Centered around a human ear found in the forest, this David Lynch film plunged a still relatively unknown Kyle Mclaughlin into a bizarre, nightmarish world of quirky, overacting characters and violence that shocked Eighties audiences and delighted some critics who were also desperate for a little grit in their movie diets.
The movie’s purpose seemed to be fucking with as many established tropes as necessary while being as obnoxious and offensive as possible. In other words, it should have been something I enjoyed. Unfortunately, the movie was so far up its own ass it couldn’t smell the odor of its own pretentiousness.
Now, I know “pretentious” is a term that gets bandied about a lot nowadays. Many people use it to describe something they failed to comprehend because it automatically places a distance between what is worthwhile and what’s crap. And if that’s what you think I’m doing, you’re well within your rights to be wrong. Why would you know otherwise? So, permit myself to explain…myself.

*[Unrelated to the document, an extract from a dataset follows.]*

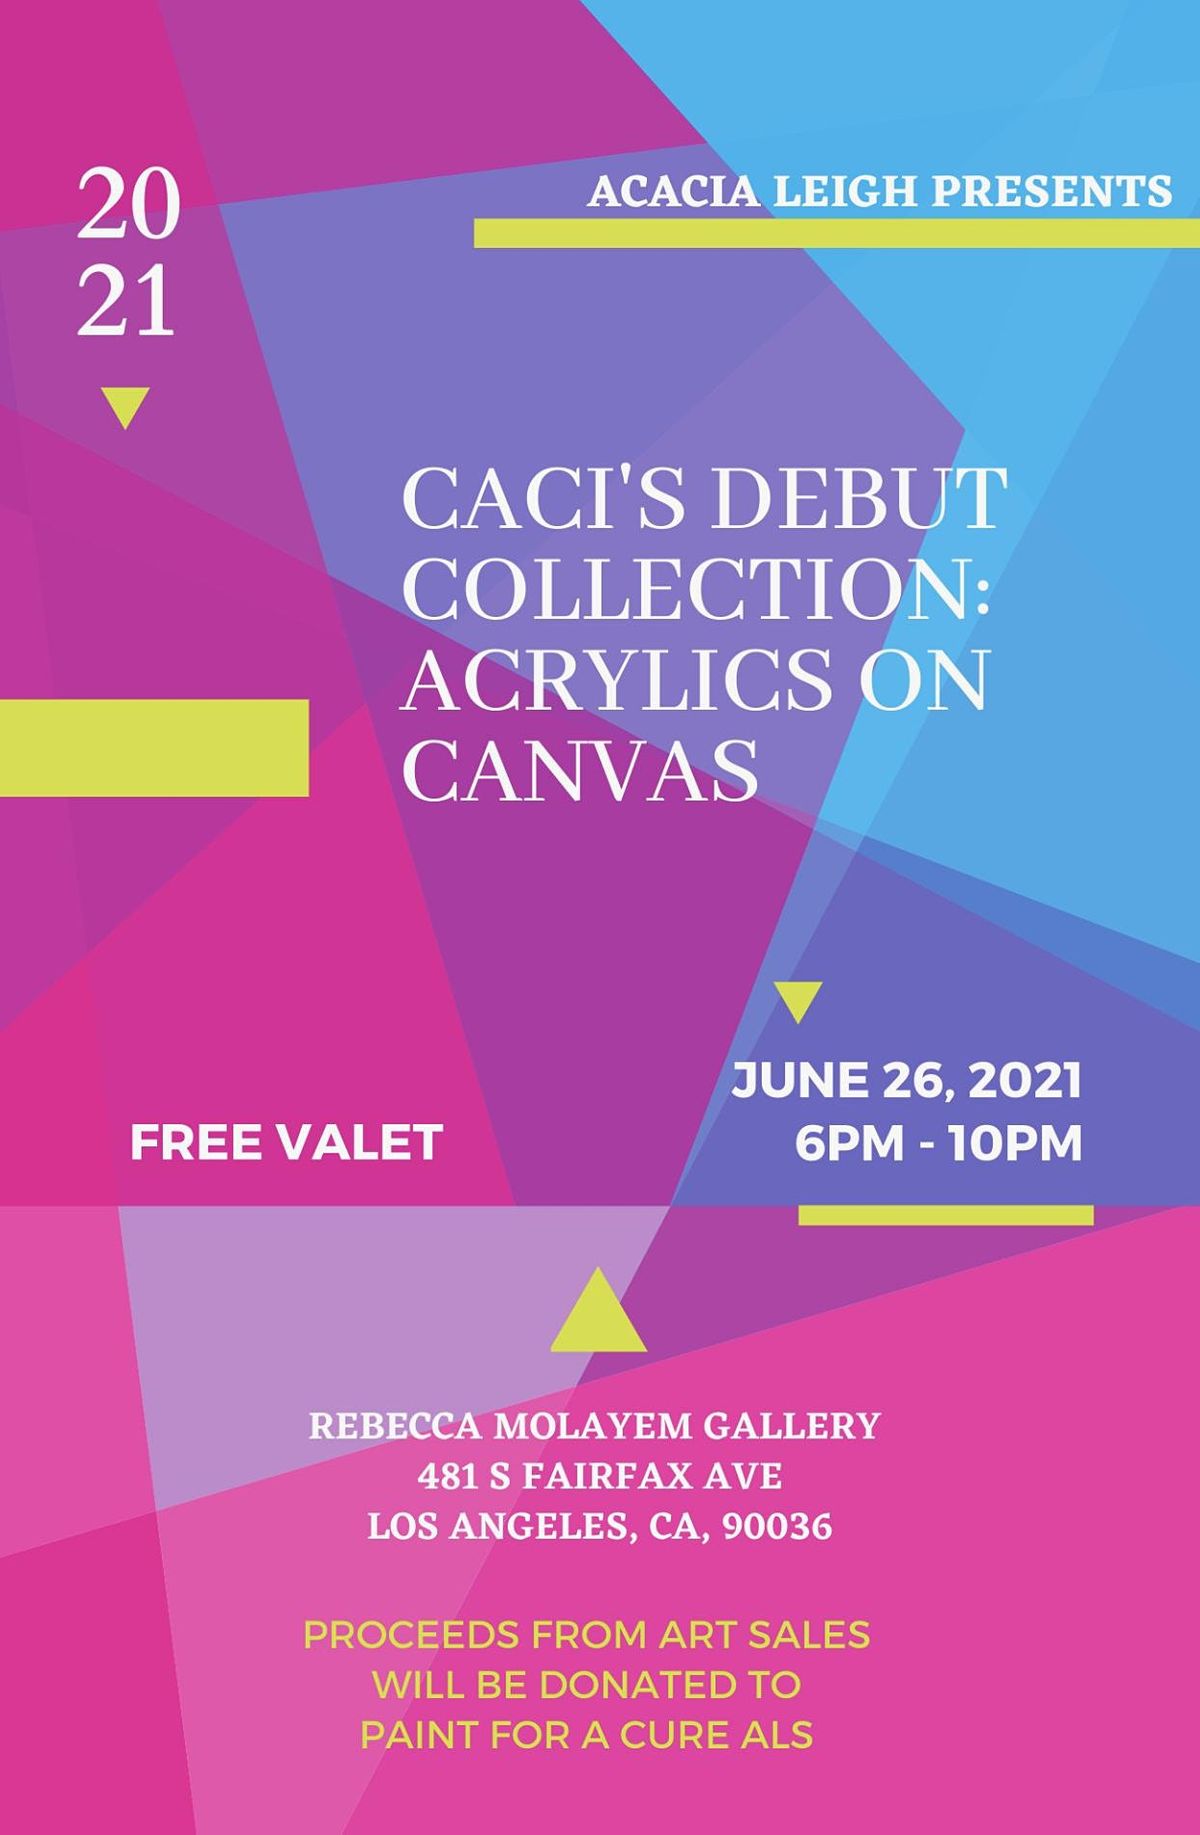 Caci's Debut Collection: Acrylics On Canvas

There’s a lot of talk about merit lately, most of if coming from mediocre bigots using it as a dog whistle for other mediocre bigoted assholes. But regardless of their absconding with the term, artistic merit is still very much a thing and it has nothing to do with Swastika-tatted drunks whose own mothers find them to be unconscionable misogynistic ass-clowns. I mean, it can, but not in this case.
I’m not here to attack the man’s body of work per se. My beef is with his entire esthetic despite the fact that some of his work isn’t all that bad. Blue Velvet may have been pure, unadulterated, unwiped ass but The Lost Highway had its moments. Sadly, most of those moments were ruined by Lynch’s self-indulgence.
In case you’re unfamiliar with Auteur Theory, it posits that the director is the primary author of the final film because they oversaw the visuals, audio and editing of the storyline. This theory often runs into resistance from those who view the screenwriter at the film’s author and the director as the person responsible for translating the words into images. There is credible argument to be made in both cases. Ultimately, it depends on what the moviegoer is looking for when they sit down and watch the film.
Lynch’s fans wanted Lynch’s subconscious to explode all over them and he rarely disappointed in that regard. A quick perusal of Lynch’s surprisingly short filmography shows that he wrote all but one of the films he directed. So, in his case, I’m not convinced Auteur Theory applies. Lynch was the author of his films and, sadly he was entirely too in love with himself to create anything remotely resembling coherent, accessible tales of the human condition.
Weirdness for the sake of weirdness was Lynch’s bailiwick. Unlike David Cronenberg who clearly has something to say despite how fucked up it is, Lynch seemed to merely vomit strange because he thought it was cool. Most of us got over that when we got into out mid-twenties but most of us didn’t make a lucrative career out of it either.
So yes, there’s one less self-indulgent auteur in the world but the man definitely made an indelible mark before he left us. What else can we ask for in our lives?